#### [Task instructions]
Your copy starts at the line containing "Duett für eine Stimme, Picolo teatro" and ends at the last line of the material below. Reproduce those lines exactly, with no pictures.

** Source material follows **

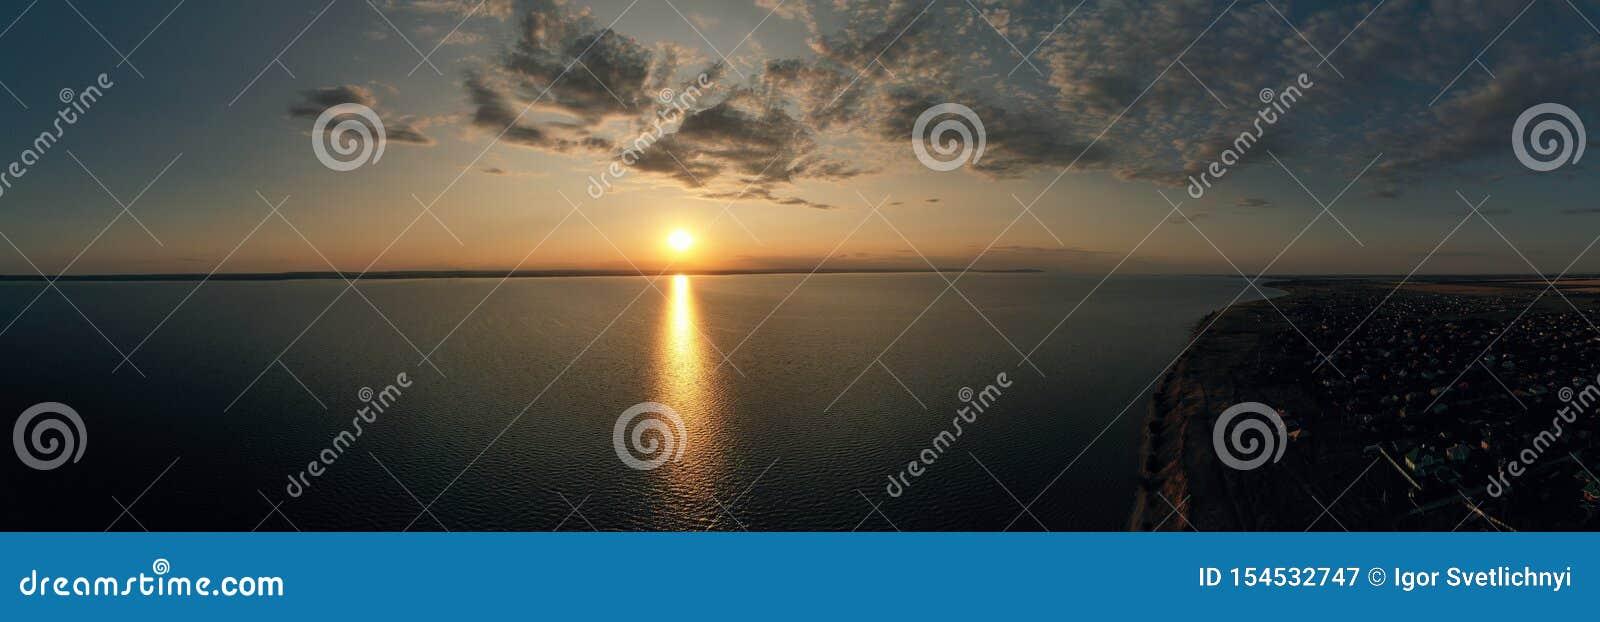 Воздушный панорамный вид красивого ландшафта природы с драматическим небом захода солнца облаков и взгляды поверхности моря
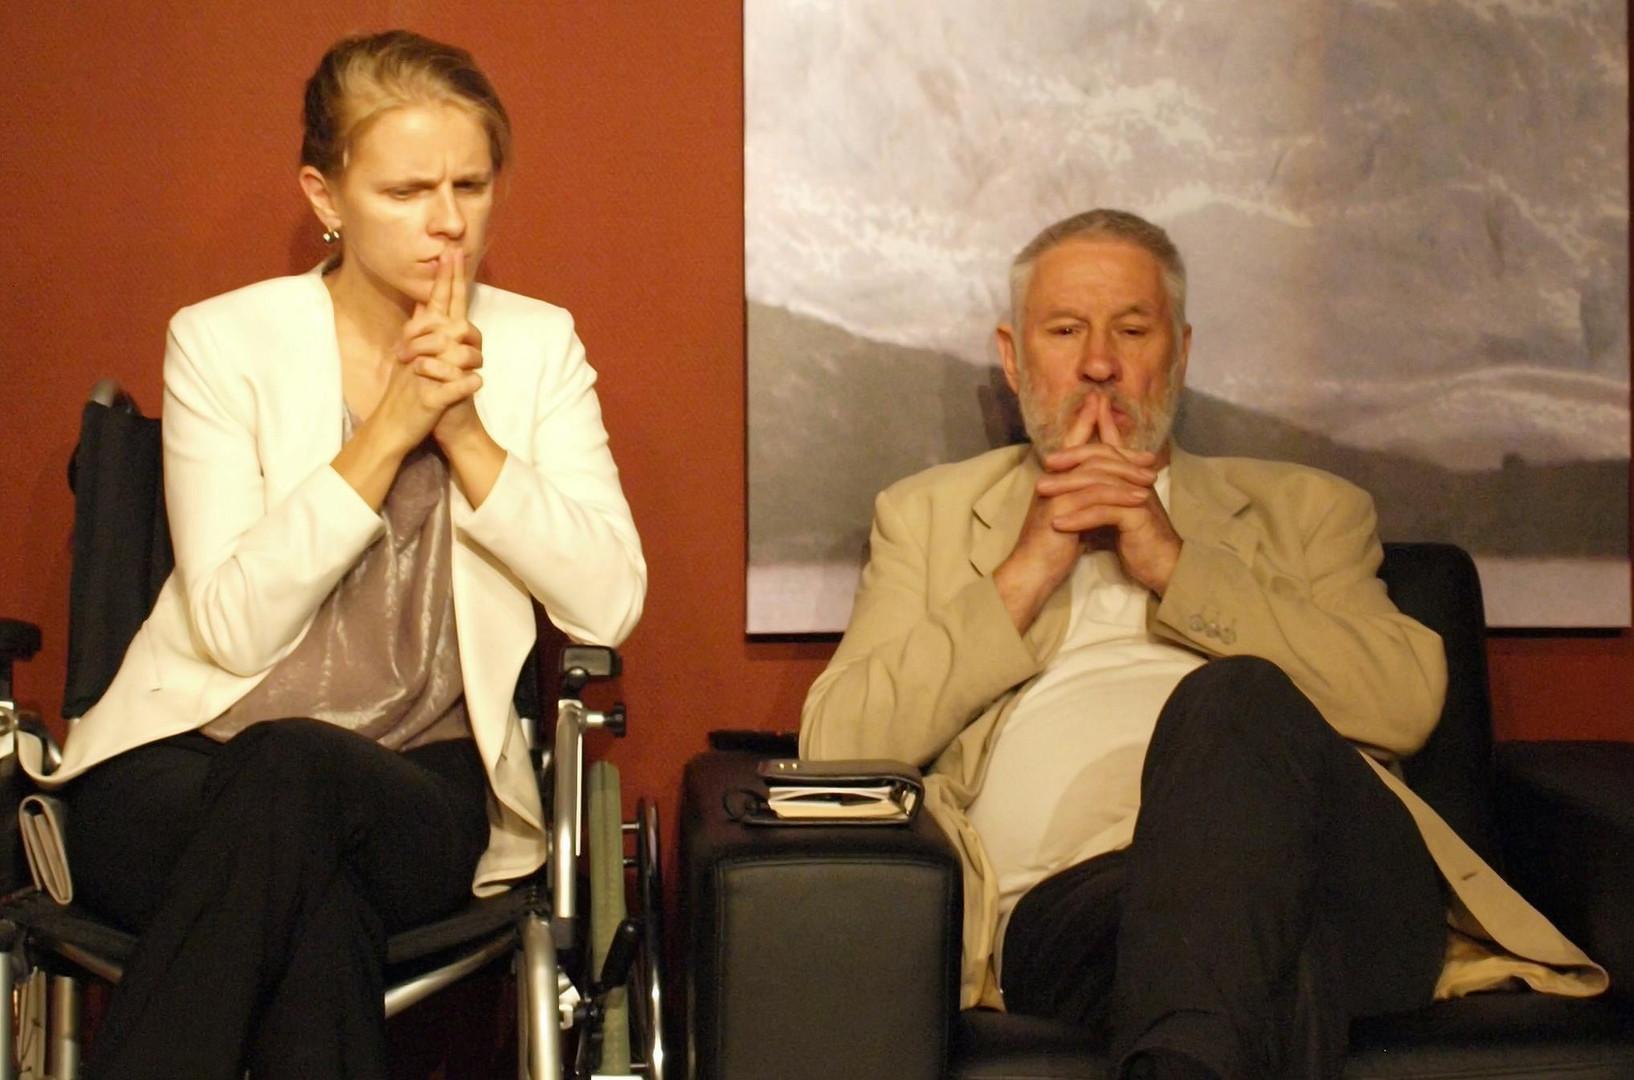 Duett für eine Stimme, Picolo teatro
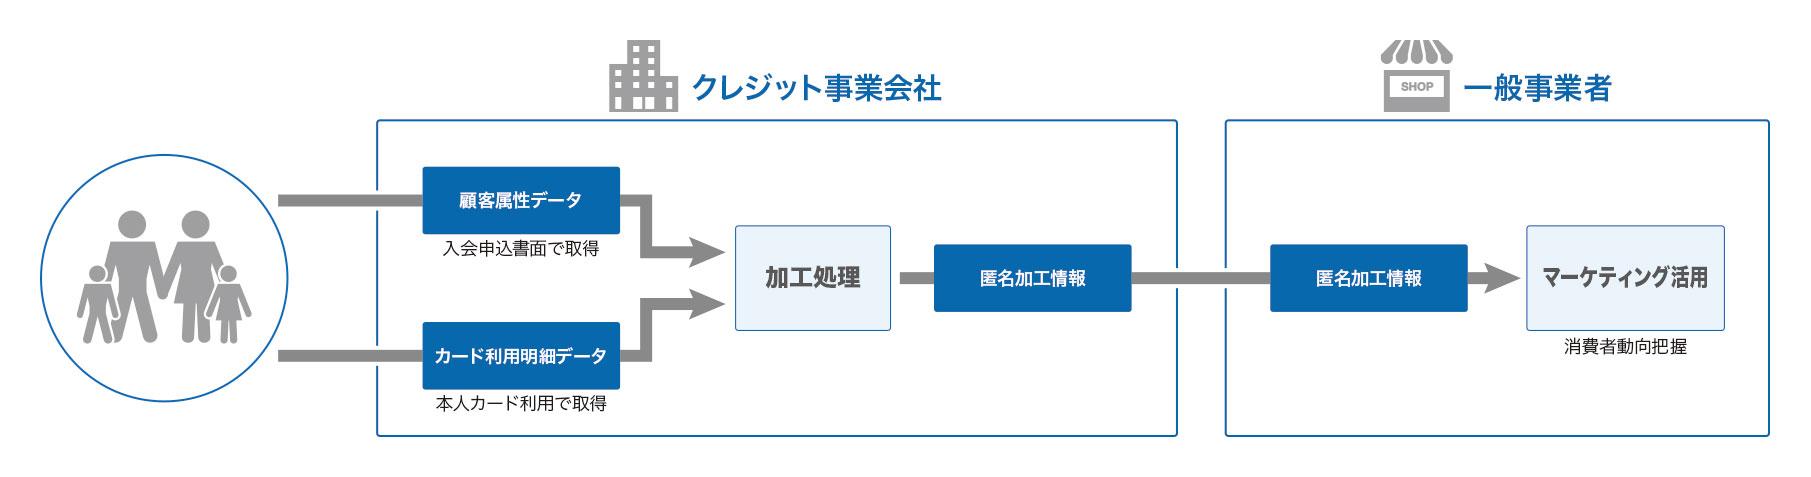 画像_テストエースPLUS10
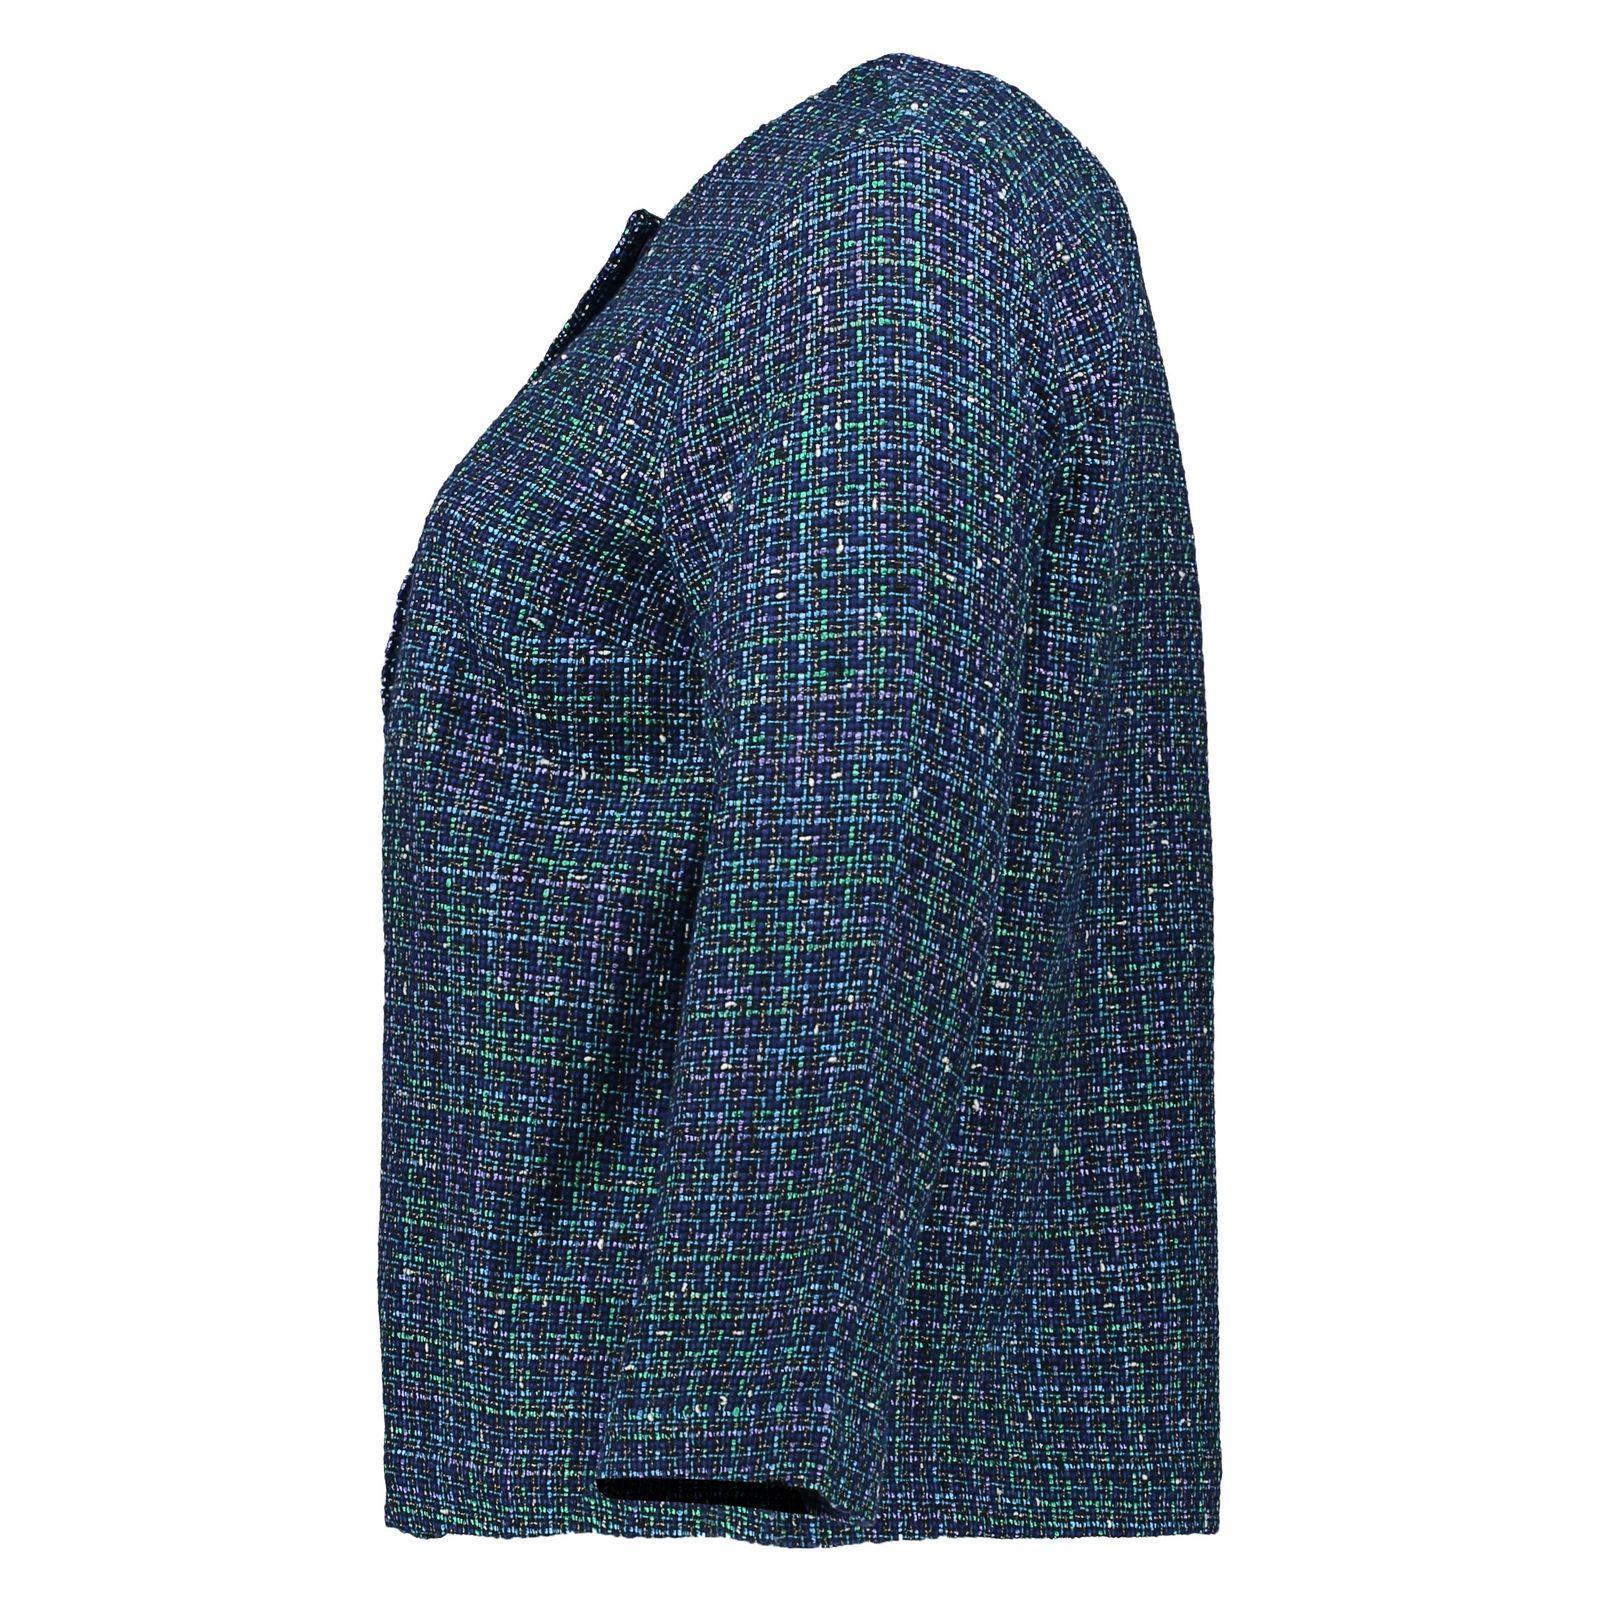 کت نخی کوتاه زنانه - یوپیم - آبي و سبز - 2
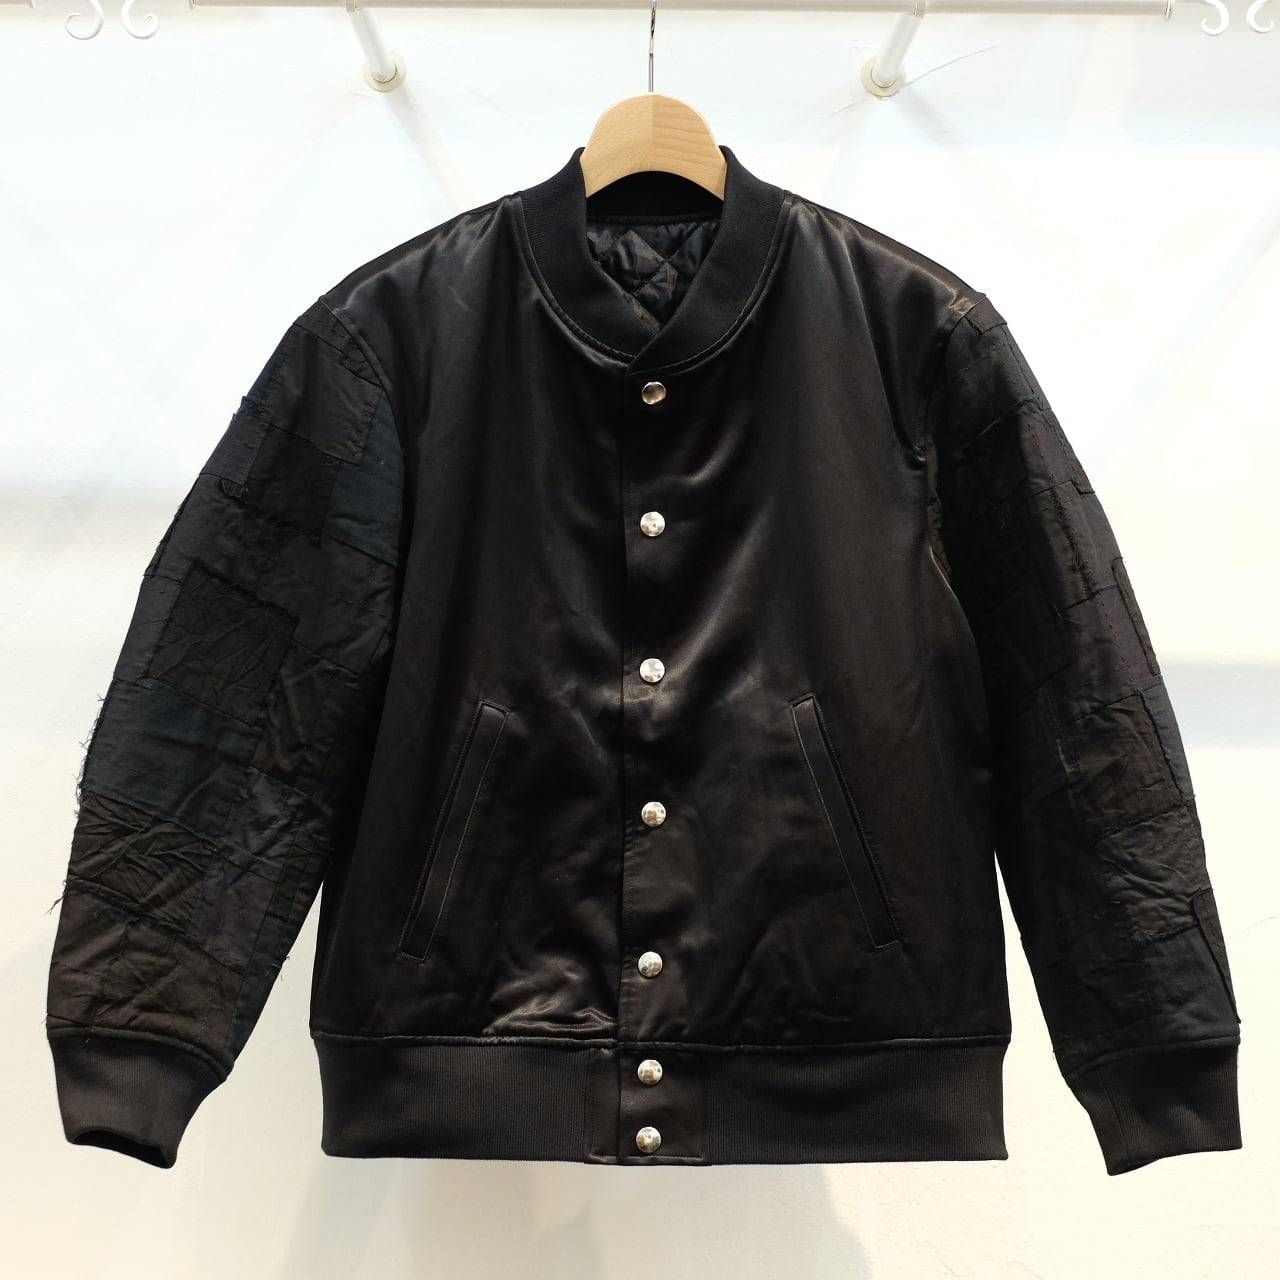 KUON(クオン) 袖アップサイクル スカジャン ブラック

** End of Source material **

#### [Response for this exercise]
 Duett für eine Stimme, Picolo teatro
 画像_テストエースPLUS10
 کت نخی کوتاه زنانه - یوپیم - آبي و سبز - 2
 KUON(クオン) 袖アップサイクル スカジャン ブラック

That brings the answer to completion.